This is a self-initiated redesign project exploring how a travel website can move beyond listing services and actually communicate the character of a place. The brief I set myself was straightforward: take a destination with extraordinary visual appeal and build a digital experience that does it justice. Explore Ladakh is a travel and tourism agency offering curated tours, treks, and experiences across the Ladakh region, and it served as the perfect canvas for that question.
about
Existing Website / What Wasn't Working






Before jumping into redesign, I spent time genuinely understanding the existing site — not to find fault, but to understand what it was trying to do and where the experience was falling short for users.
The site had clearly been built to communicate a lot of information: packages, destinations, contact details, travel guides. The intent was thorough.
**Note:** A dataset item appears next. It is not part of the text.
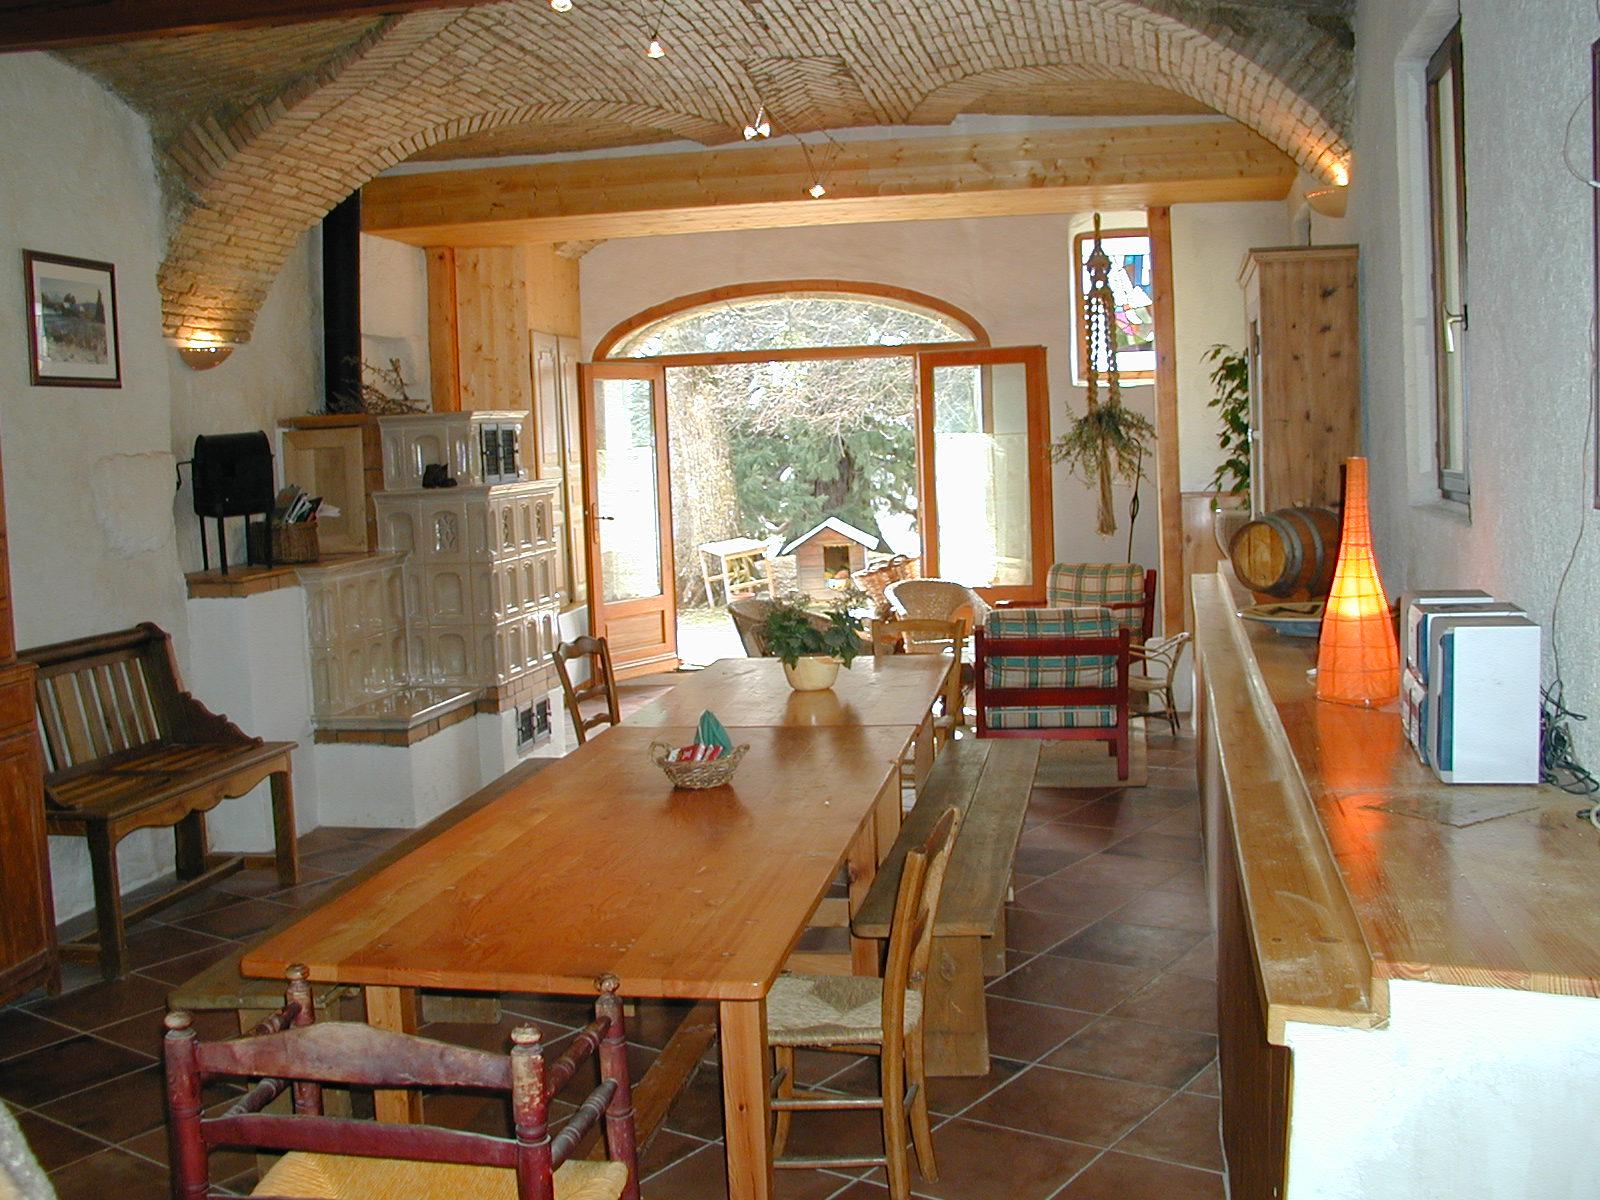 Une grande salle de 60 m2 ancien four à tuiles, unique : un gîte rural de 9 places en location toute

But over time, the accumulation of content without a consistent visual system had made it harder for users to find what they were looking for — or to feel the pull of the destination itself.
A few patterns stood out:
Visual identity
The site leaned on a red-and-white template aesthetic that, while functional, didn't carry a sense of place. Ladakh has an extraordinarily distinct character — high altitude, raw landscapes, deep cultural history. The visual design hadn't yet found a way to reflect that, which meant the site wasn't using one of its strongest assets: the destination itself.
Photography
Images were present throughout the site but were often displayed small and tightly cropped. Given that most travellers make emotionally-driven decisions — they need to feel a place before they book it — there was a significant opportunity to let the photography do more of the selling.
Navigation
The header carried two layers of navigation simultaneously: a primary nav and a secondary utility bar for contact details and CTAs. For a first-time visitor trying to orient themselves, this created a lot of competing information before they'd engaged with any content.
Typography and hierarchy
Without a clear typographic system, it was difficult to distinguish between primary information, secondary context, and supporting detail. Body text was set small in places, which added friction for users reading on desktop.
Page density
Several pages packed a lot of content into tight layouts with limited breathing room. For someone arriving at the site for the first time — perhaps considering a significant trip — the density made it harder to slow down, explore, and feel confident about what they were looking at.
Information architecture
Key content like packages, destinations, and contact options was present but distributed across the site without a strong hierarchy guiding users toward a natural next step. There was no clear throughline from browsing to enquiring.
The core opportunity — Ladakh sells itself to anyone who has seen a photograph of it. The redesign's central goal was to build a site that got out of its own way — one that put the destination front and centre and made the path from curiosity to enquiry as frictionless as possible.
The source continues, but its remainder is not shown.